# Random Artwork *banana face included*



## PixelBrain (Nov 21, 2009)

Ok, So some of these are kinda old so don't be too harsh. I'd definitely like to hear what you think though.
Also, almost all of these are unfinished lol.

BANANA FACE! 










Flesh eating worm thing










Was supposed to be a kind of Wannabe gunslinger. Much in the vein of one of the characters in the film Seven Samurai lol.










I dont know, It started out as my own interpretation of Hop Frog but ended up some kind of demented baby creature thing with boobs.










Just another funny face.










An axe murderer who looks like he has down syndrome or something.










One of the Low polygon 3d characters I made. I'm a bit angry this was the only one I could find cus its kinda shotty. It was supposed to be a Monkey - Man creature. (If you know anything about 3D you can tell the normal map is kinda torn in places but whatevs)



















Last one. Another funny face.


----------



## susurration (Oct 22, 2009)

That banana face looks like my dad. seriously.

nice work. I lubs it roud:

I like how you draw eyes, I dunno what it is about them.


----------



## PixelBrain (Nov 21, 2009)

NatalieAnne said:


> That banana face looks like my dad. seriously.
> 
> nice work. I lubs it roud:
> 
> I like how you draw eyes, I dunno what it is about them.


Thank you lol, the eyes are usually the part I spend the most time on :happy: .

That's hilarious that the banana face looks like your dad lol. Kinda weird though because my friend said it looks like his dad too. Maybe it just has one of those fatherly faces :crazy:.


----------



## susurration (Oct 22, 2009)

haha that's funny. Maybe your friend and I are siblings and are the offspring of a cyclops banana? or maybe it's a psychological thing, where if you see your fathers face in a cyclops banana, you unconsciously believe your father is a dick.
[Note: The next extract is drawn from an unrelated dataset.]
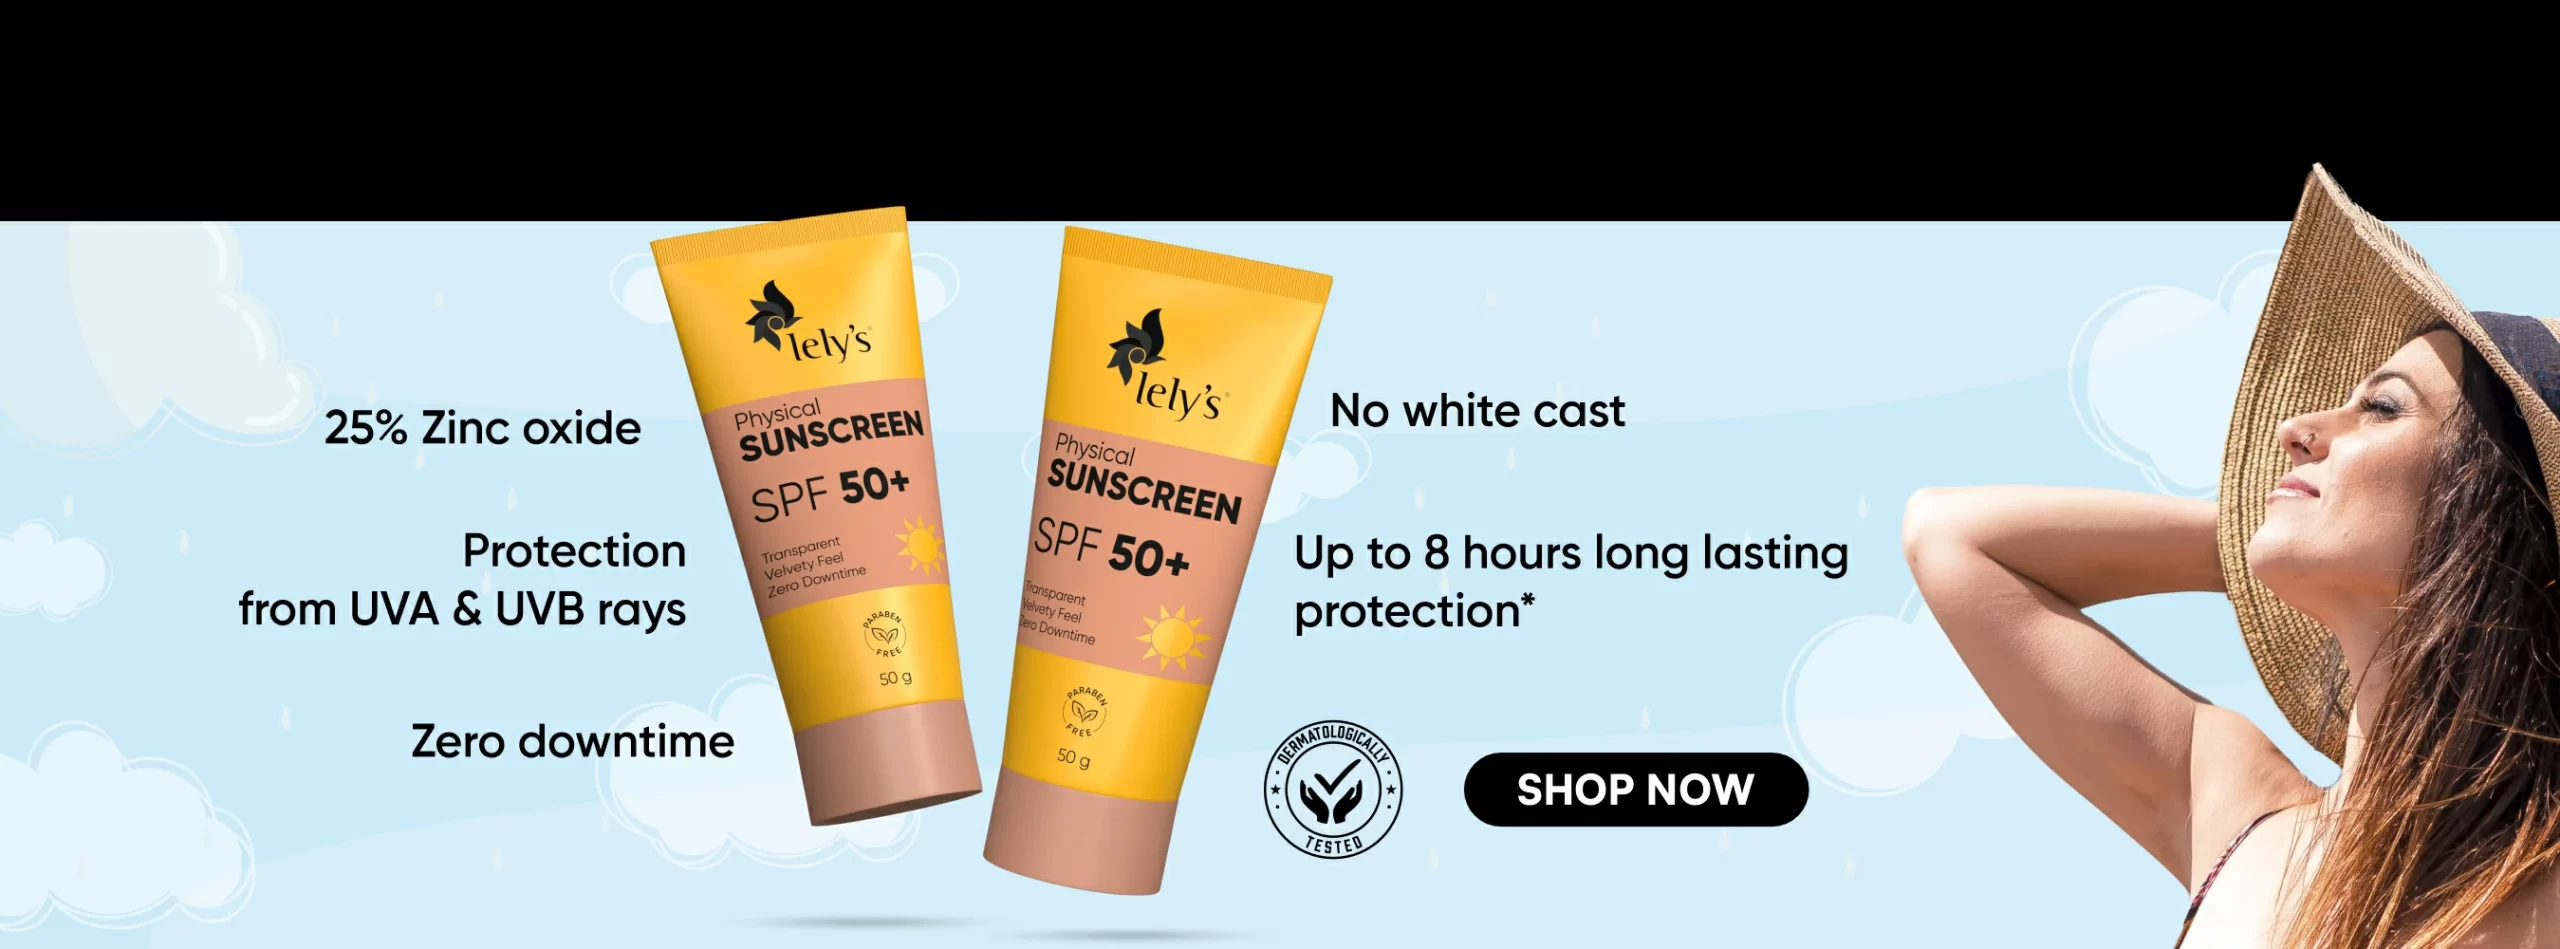 Physical Sunscreen at 25% off

Yeah, I can vouch for my father being a dick :dry:

Oh, that would explain why I'm drawn to the eyes. They are expressive, even though being quite small. 
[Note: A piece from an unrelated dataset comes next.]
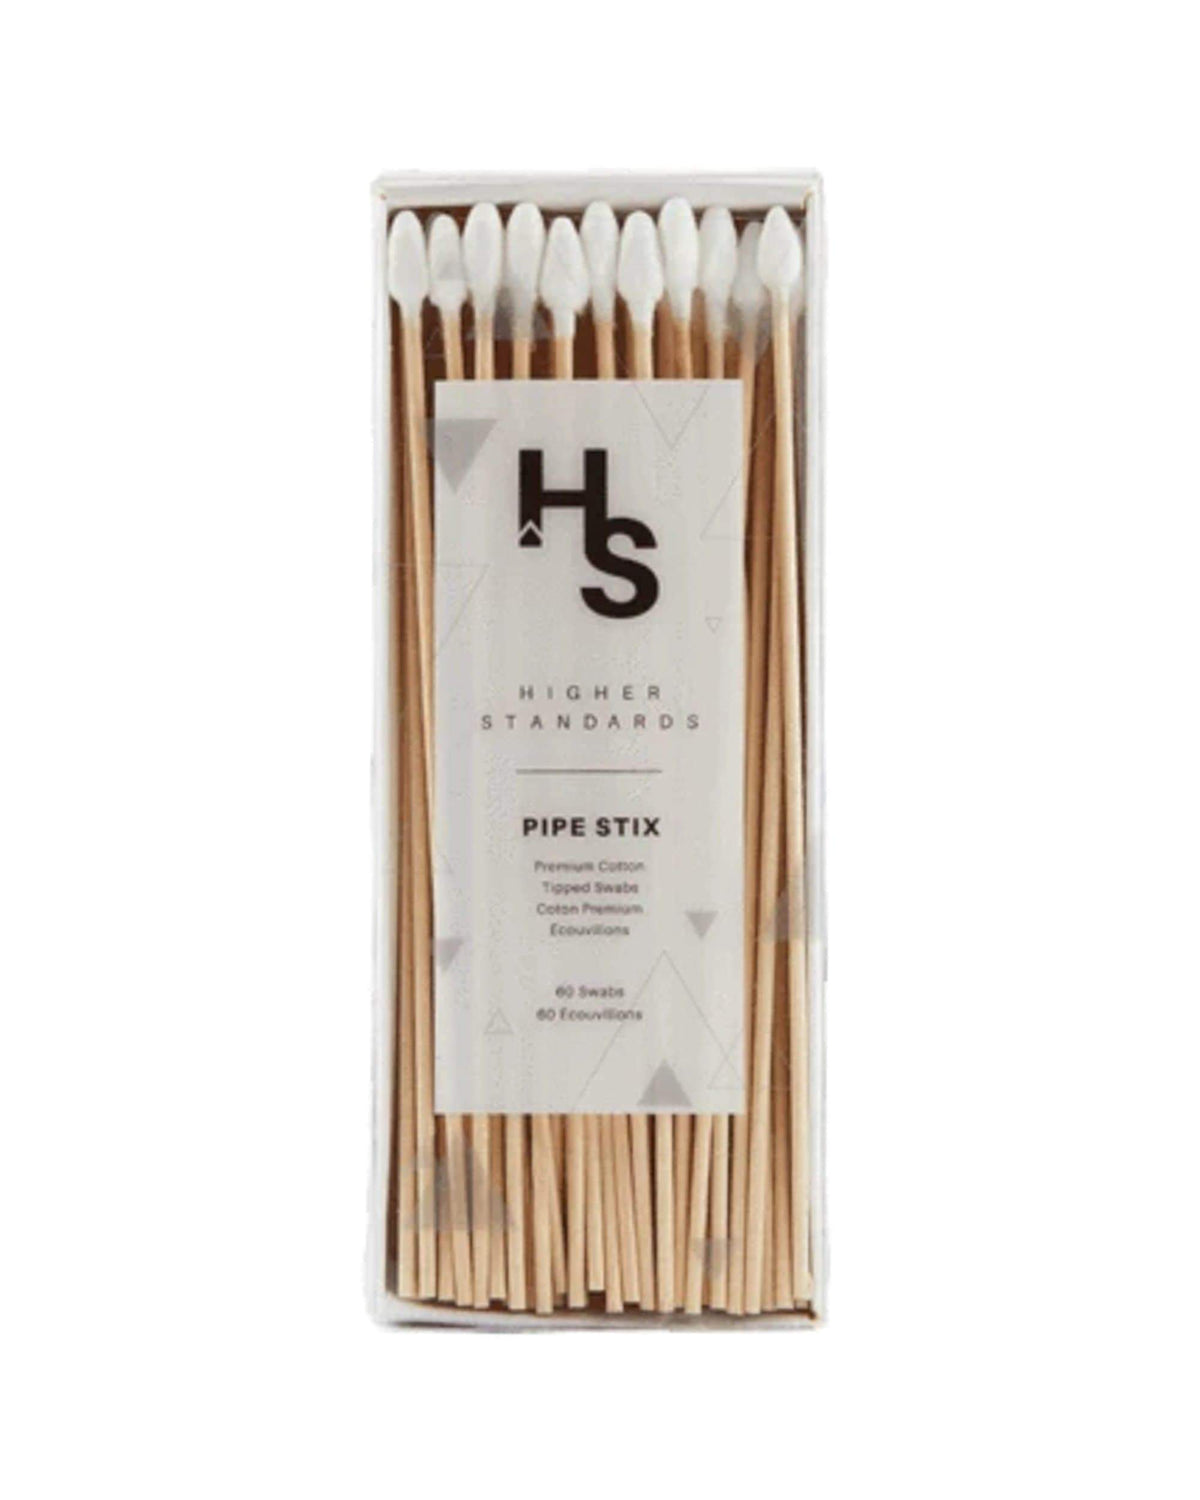 Pipe Stix Cotton Swabs Box of 60 - Higher Standards Higher Standards

Wanna be one of my animators when I venture into film directing?


----------



## PixelBrain (Nov 21, 2009)

NatalieAnne said:


> haha that's funny. Maybe your friend and I are siblings and are the offspring of a cyclops banana? or maybe it's a psychological thing, where if you see your fathers face in a cyclops banana, you unconsciously believe your father is a dick. Yeah, I can vouch for my father being a dick :dry:
> 
> Oh, that would explain why I'm drawn to the eyes. They are expressive, even though being quite small.
> 
> Wanna be one of my animators when I venture into film directing?


That actually might have some truth to it because my friend says that his cyclops banana dad is extremely mysterious, so who knows what hes not telling him?? lol ? My friend also hates his dad with a passion, so maybe the psychological thing is actually the reason? 

All these people and their cyclops banana dads are making me jealous. why cant I have a banana dad?

(When I'm saying banana dad its reminding me of a middle eastern country?? no?? well I thought so... lol)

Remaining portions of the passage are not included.